CoreLogic: 24% of residential properties upside down
From FirstAmerican Core Logic:
…more than 11.3 million, or 24 percent, of all residential properties with mortgages were in negative equity at the end of the fourth quarter of 2009, up from 10.7 million and 23 percent at the end of the third quarter of 2009. An additional 2.3 million mortgages were approaching negative equity at the end of last year, meaning they had less than five percent equity. Together, negative equity and near-negative equity mortgages accounted for nearly 29 percent of all residential properties with a mortgage nationwide.
Negative equity means the mortgage balance is higher than the value of the home.
The bulk of underwater properties are concentrated in five states: California, Florida, Nevada, Arizona and Michigan. Nevada leads the way in terms of most homes with negative equity at a whopping 70 percent.
“Home-ownership” is badly defined by, for instance, the Census Bureau, which considers all “owner-occupied housing units” in its calculation of the home-ownership rate.
But the rate would be far lower if one simply calculated the amount of equity that Americans have in their homes.

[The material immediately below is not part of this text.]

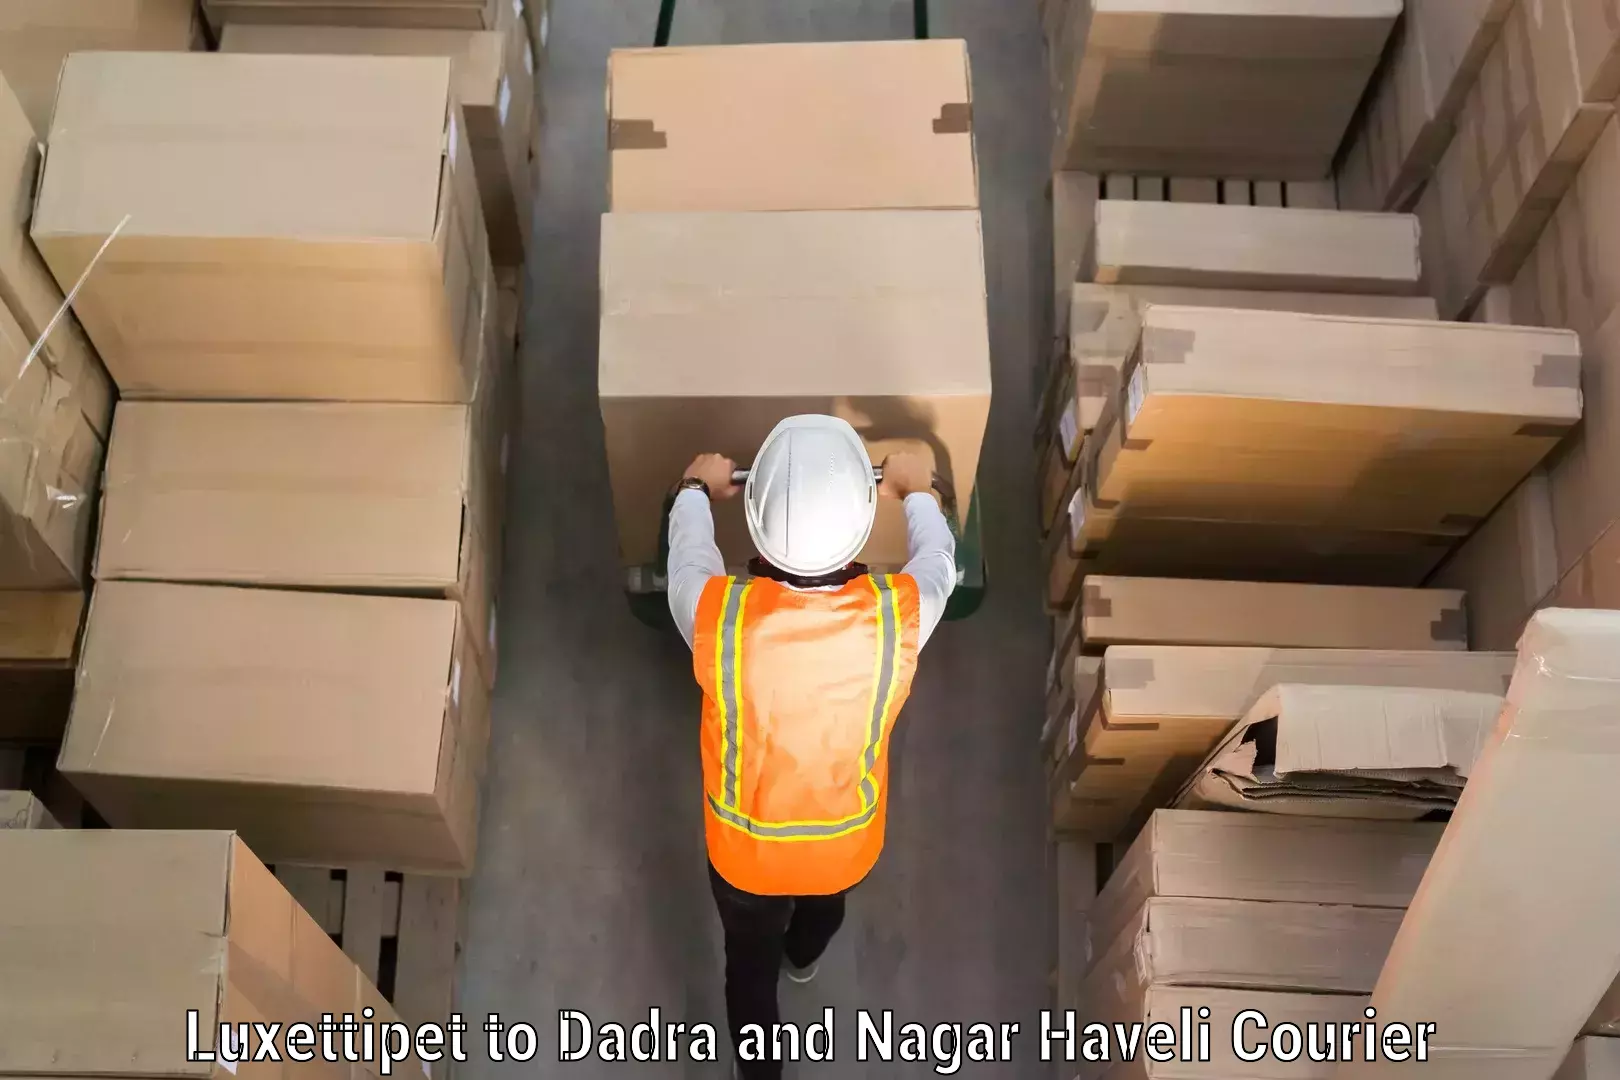 Efficient luggage delivery Luxettipet to Dadra and Nagar Haveli

Since this is the portion of real estate for which they don’t pay anything, it is the only portion that is truly “owned.”
Subtract folks who owe more on their homes than they are worth and the home-ownership rate drops from 67% to 43%.
Update: Reader Dan Hess offers a better calculation in the comments. He correctly notes that underwater homes are 24% of homes with mortgages, not 24% of all homes as I implied in the math above. Backing out these homes would reduce the homeownership rate to 57%. Though backing out ALL mortgage debt, even on homes with owner equity, would lower the ownership rate even more.
This isn’t merely academic. Having equity in their homes is a big reason homeowners keep paying their mortgage, which is necessary for banks to stay solvent.